Hi folks,

Another design question is whether we should include the full resource
(e.g. full network map/cost map) when the SSE stream is first initiated.

The advantage of doing so is that the server does not need to keep any old
version of the resources. The full map the server first sends to the client
will always be updated, and the updates come when they become available.

It also has the following disadvantage:
(1) Modularity: SSE streams are for incremental updates, it carries a
different functionality than full resource requests;
(2) Space efficiency: to reduce the payload for the SSE stream, it would be
nice not to do that. It is conceivable that the client fetches the full
resource somewhere else and then ask for incremental updates via HTTP SSE
stream.


If we do not send the full resource via SSE, the client needs to request
for incremental updates with resource-id and version-tag. there are two
possible extreme solutions:
(1) the laziest: The server accepts the request that have the most recent
version-tag; if the version-tag is not the most update version, the server
simply rejects this request.
(2) the most costly: The server remembers all history of all resources,
when the client requests with a resource-id and vtag, the server accepts
the connection, and immediately send out patches to "catch the client up."


*Example:*
Notate version tags as vi, e.g. v0, v1, v2, etc. And the patches that
updates vi to vj as patch(vi->vj) where vi is the old tag and vj is the new
tag.

Say the current network map is v3. Client 1 requests incr updates with
{"resource-id":"my-networkmap", "tag":"v0"} and Client 2 requests incr
updates with {"resource-id":"my-networkmap", "tag":"v3"}. The lazy server
would reject the request from client 1 and accepts that from client 2. The
costly server would accept both request and send patch(v0->v3)

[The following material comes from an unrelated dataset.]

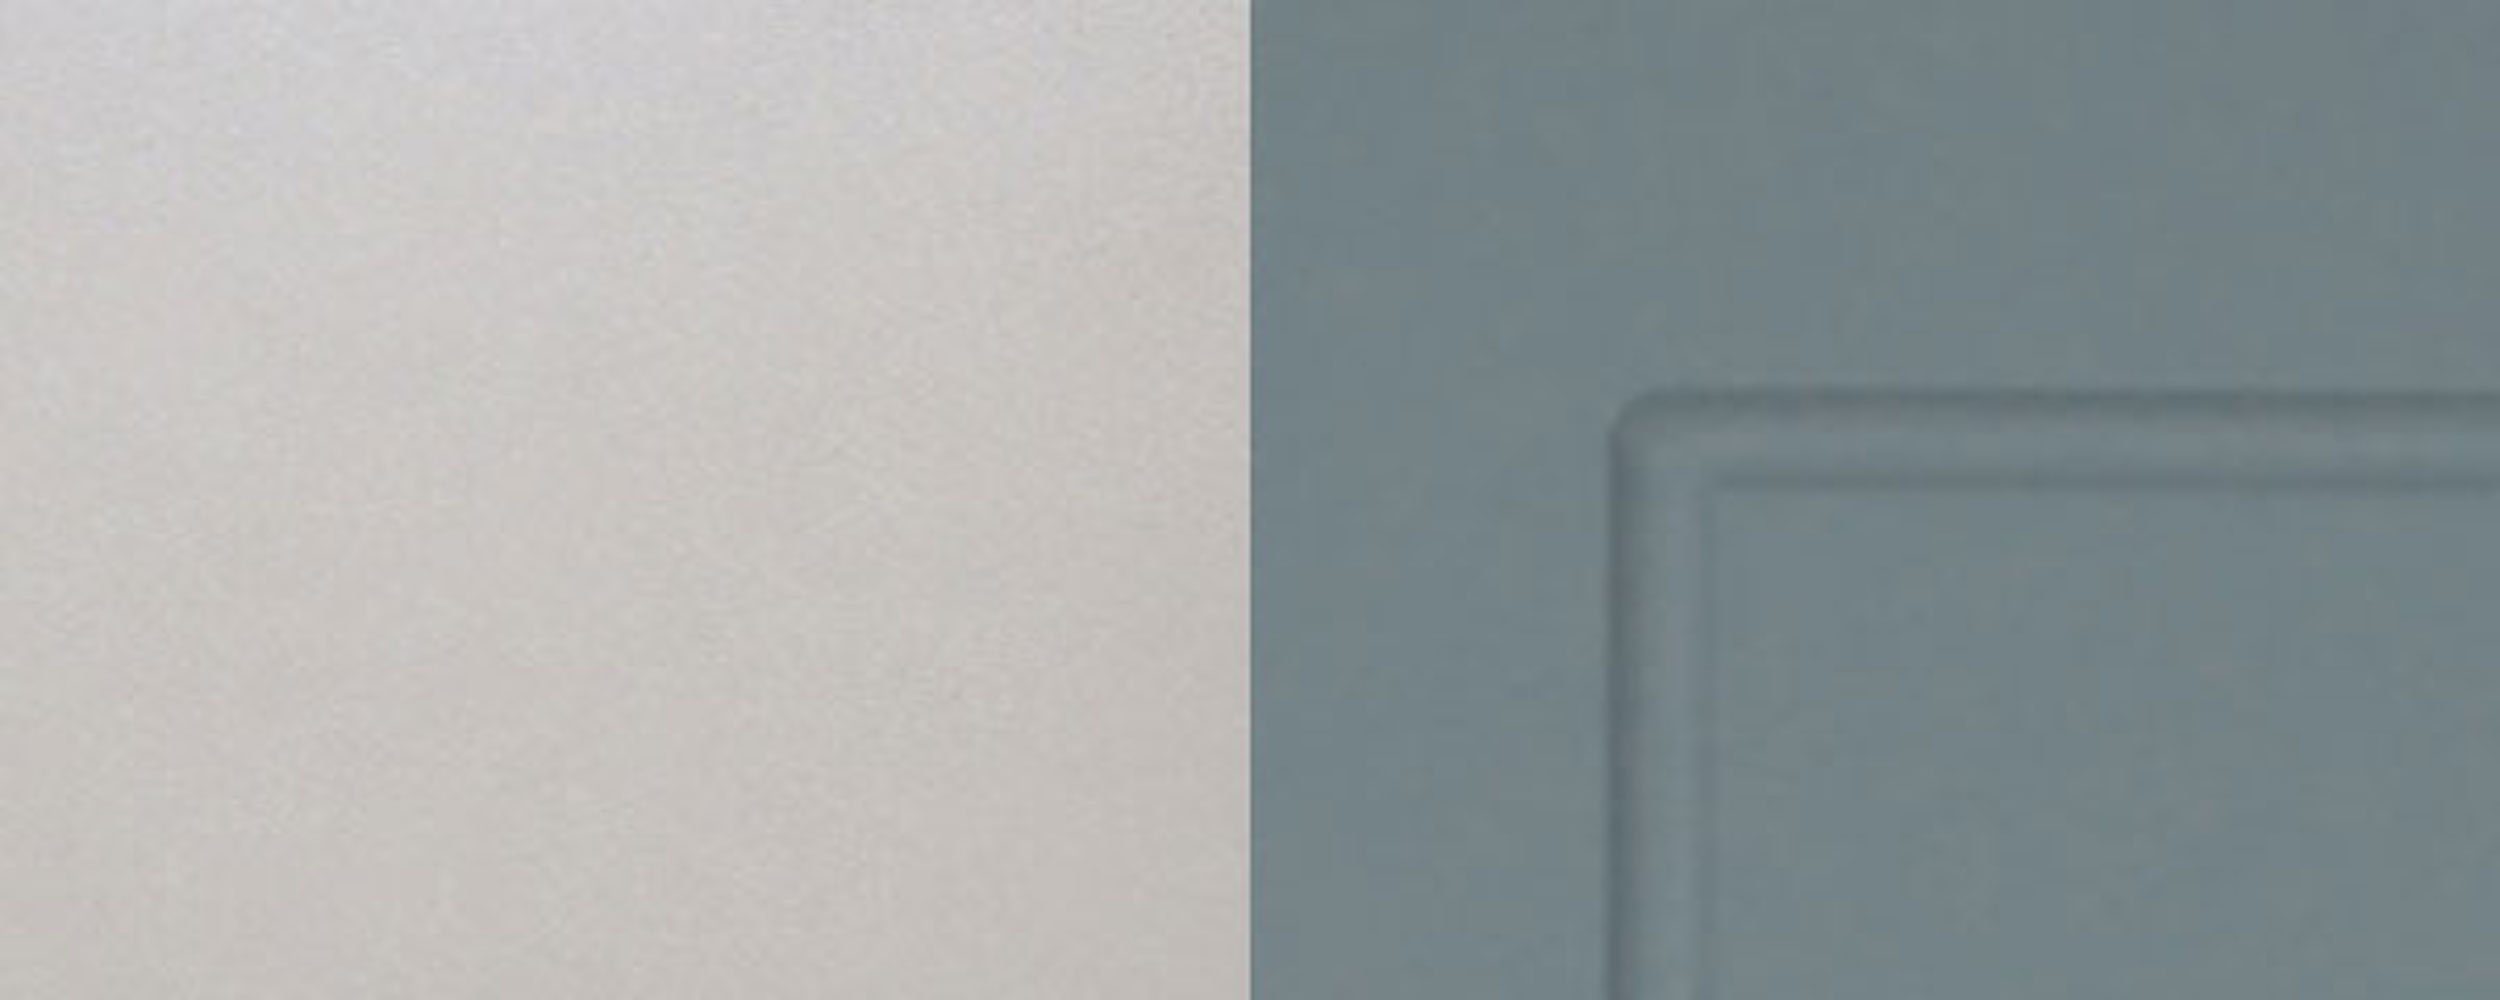 Feldmann-Wohnen Mikrowellenumbauschrank Kvantum (Kvantum) 60cm Front- und mit Klappe Korpusfarbe mint matt wählbar

Another possible solution is a hybrid of the two extremes. The server keeps
a patch that can update the resource from vi to vj, and accepts requests
that has vtag vk such that i<=k<=j.

Because of the JSON merge-patch replacement property, applying patch(*vi*->vj)
would update vk to vj. No matter what vtag vk the request comes in with,
the server accepts if i<=k<=j, and immediately sends patch(vi->vj) via the
stream. This will update the client's resource to the most updated version.
The subsequent updates will be pushed as they become available.The window
of [i, j] can be determined by the server, according to time or storage
constraints.

You comments would be much appreciated. Thank you!